Seelenbrand (German Edition)
Eine hölzerne Stufe? Die steinerne Treppe war plötzlich abgebrochen und ging in ein Holzkonstrukt über. An der Wand schimmerte etwas. Er hob die Laterne in die Höhe und fuhr mit dem Finger darüber. Eine runde Plakette, so groß wie ein Teller, mit einigen Symbolen und einem kleinen Loch in der Mitte. Ein massiger, eiserner Nagel hatte das seltsam glänzende Ding unverrückbar in der Wand verankert. Ein zweiter fingerdicker Eisenstab steckte nur eine Handbreit weiter in der Wand, die – wie ihm erst jetzt auffiel – nicht mehr gemauert, sondern aus dem Fels gehauen war. Er stellte seine Hacke ab und hing die Laterne an den anderen Eisenstift daneben. Vielleicht hatte dieses Ding etwas mit Maries Verschwinden zu tun. Ja, er mußte sich nun doch unter Qualen eingestehen, daß er sie hier unten aus den Augen verloren hatte. Sie war einfach weg!
Ein Knarren!
»Marie!« rief er aufgeregt. »Bist du das?«
Keine Antwort. Ein Knacken! Und noch eins!

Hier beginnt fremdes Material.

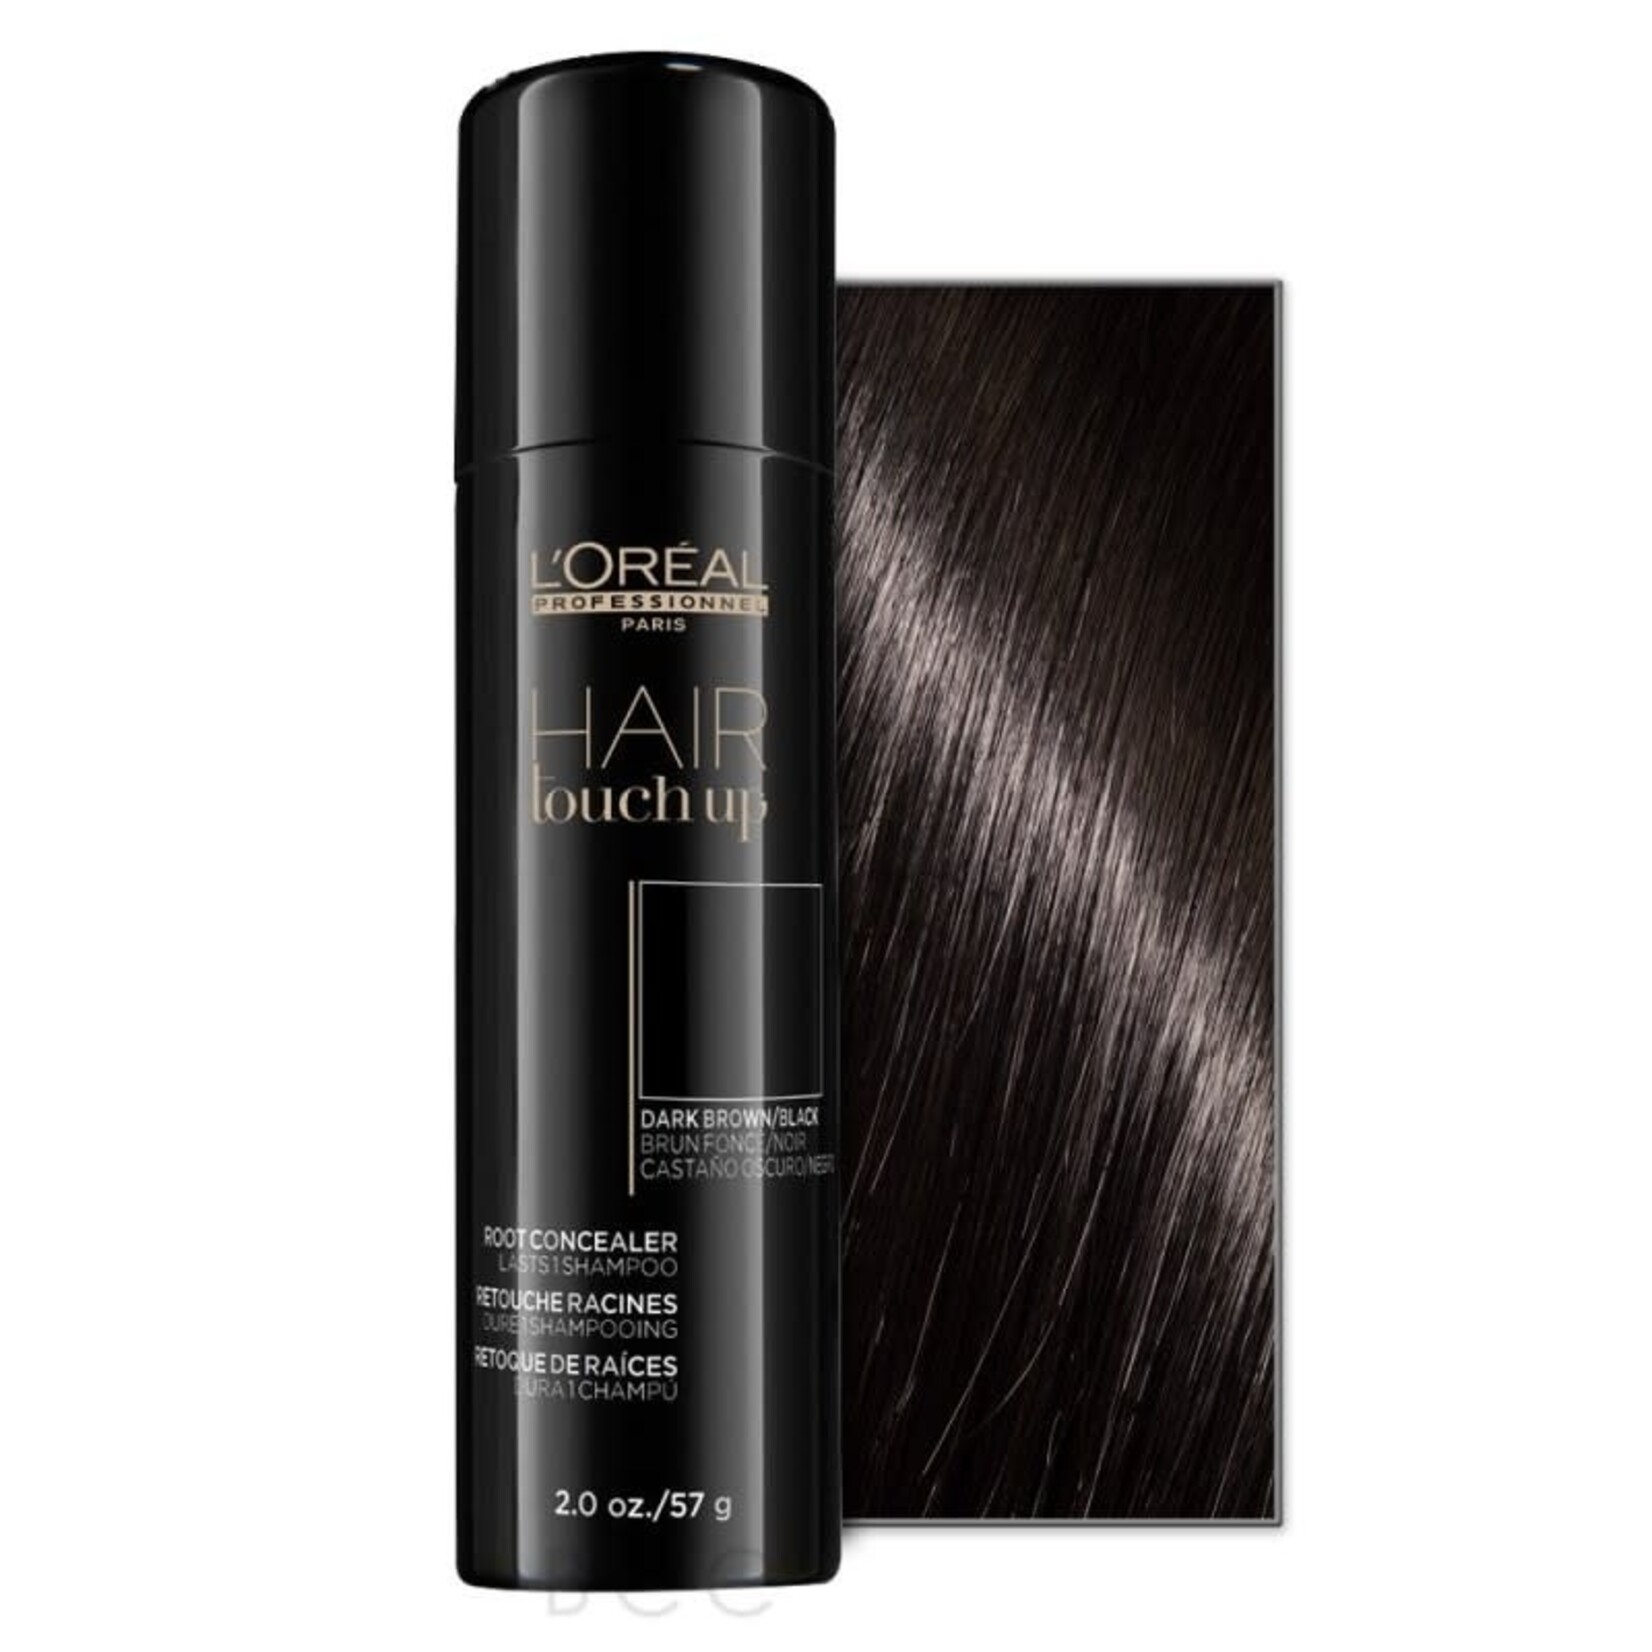 L'Oréal L'Oréal Professionnel - Hair Touch Up - 57g

»Oh mein Gott!« konnte er gerade noch von sich geben ... als plötzlich das hölzerne Treppengerüst unter ihm nachgab und ihn mit ohrenbetäubendem Getöse in die Tiefe riß.
Wo war oben, wo unten? Fiel er immer noch, oder war er schon tot? Saß er nicht gerade beim Frühstück, oder schlief er? Er war verloren! Hoffentlich ging es schnell . .. Plötzlich ... Eiseskälte! Er konnte nicht mehr atmen. Sein Kopf war unter Wasser. Gleich würde er bewußtlos ... und alles wäre vorbei!

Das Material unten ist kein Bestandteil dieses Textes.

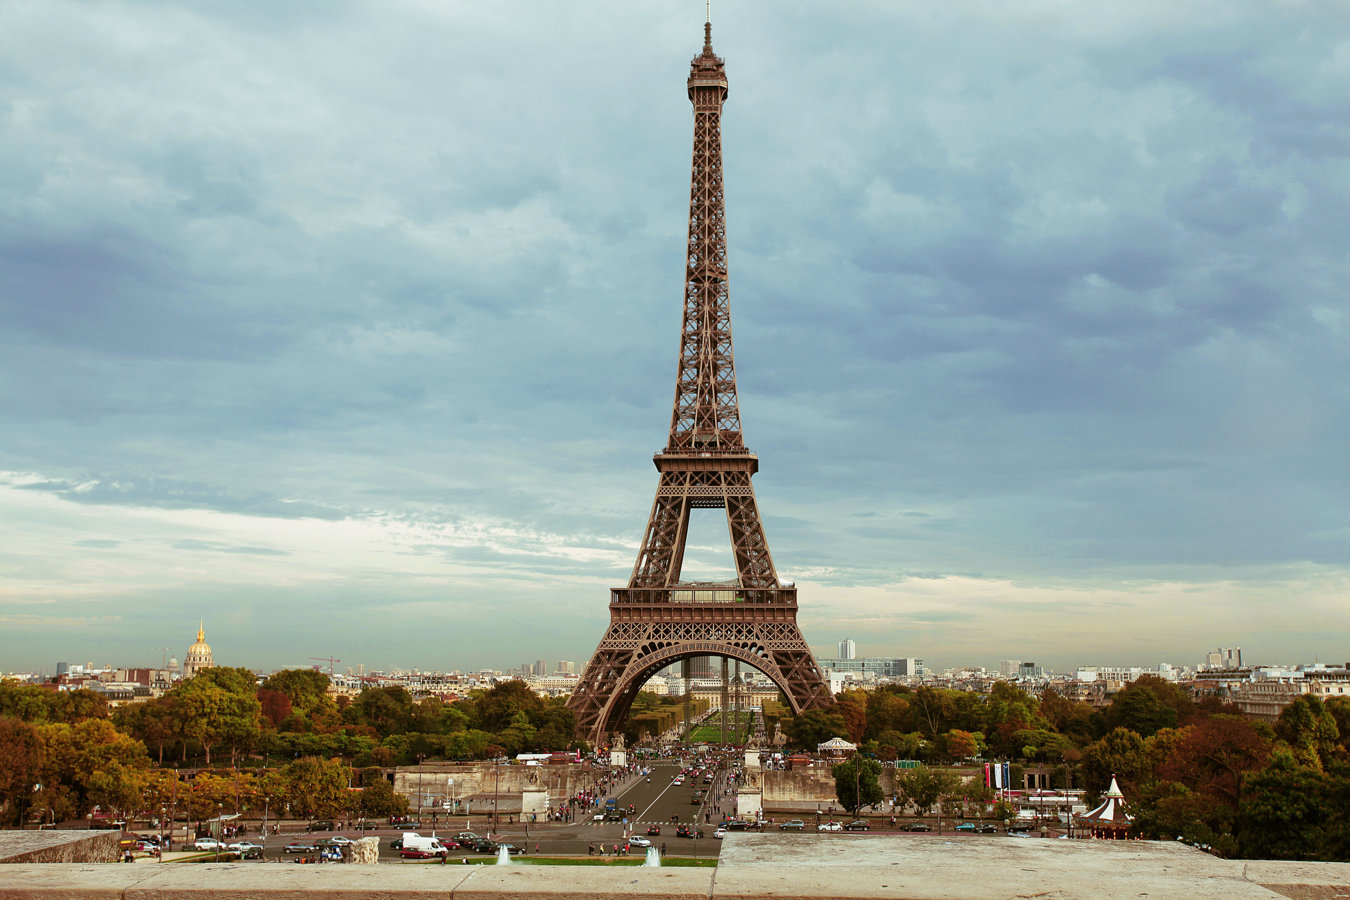 Eiffel tower.jpg

Nach einer Ewigkeit spürte er, wie sein Kopf auf der Oberfläche einer öligen Flüssigkeit schwamm, und seine Lungen – von seinem wilden Todestaumel unberührt – ihre Tore öffneten und einen Schwall kalter Luft in seinen Körper hereinsaugten, bevor er von wildem Husten gepeitscht wurde. Er versuchte die Augen zu öffnen, die sich aber augenblicklich, wie von glühenden Eisen traktiert, krampfartig wieder schlossen und höllisch schmerzten. Aber er hatte ein Licht bemerkt, einen fahlen Schein! Und ... seine Füße betasteten vorsichtig den Grund ... Gott sei Dank! ... er konnte hier stehen! Damit brauchte er schon mal nicht zu ersaufen. Aber was diese brennende Brühe anging, in der er bis zur Brust stand ... sie hatte bestimmt ihre eigenen Pläne mit ihm.Wenn er jetzt die Augen öffnete, die immer noch brannten wie Feuer, war er auf alles gefaßt. Das erste Schädel-und Knochenballett da oben im Grab hatte er ja schließlich auch überlebt ... aber nur, weil sie ihn gerettet hatte.
Jetzt fiel es ihm wieder ein! Schlagartig!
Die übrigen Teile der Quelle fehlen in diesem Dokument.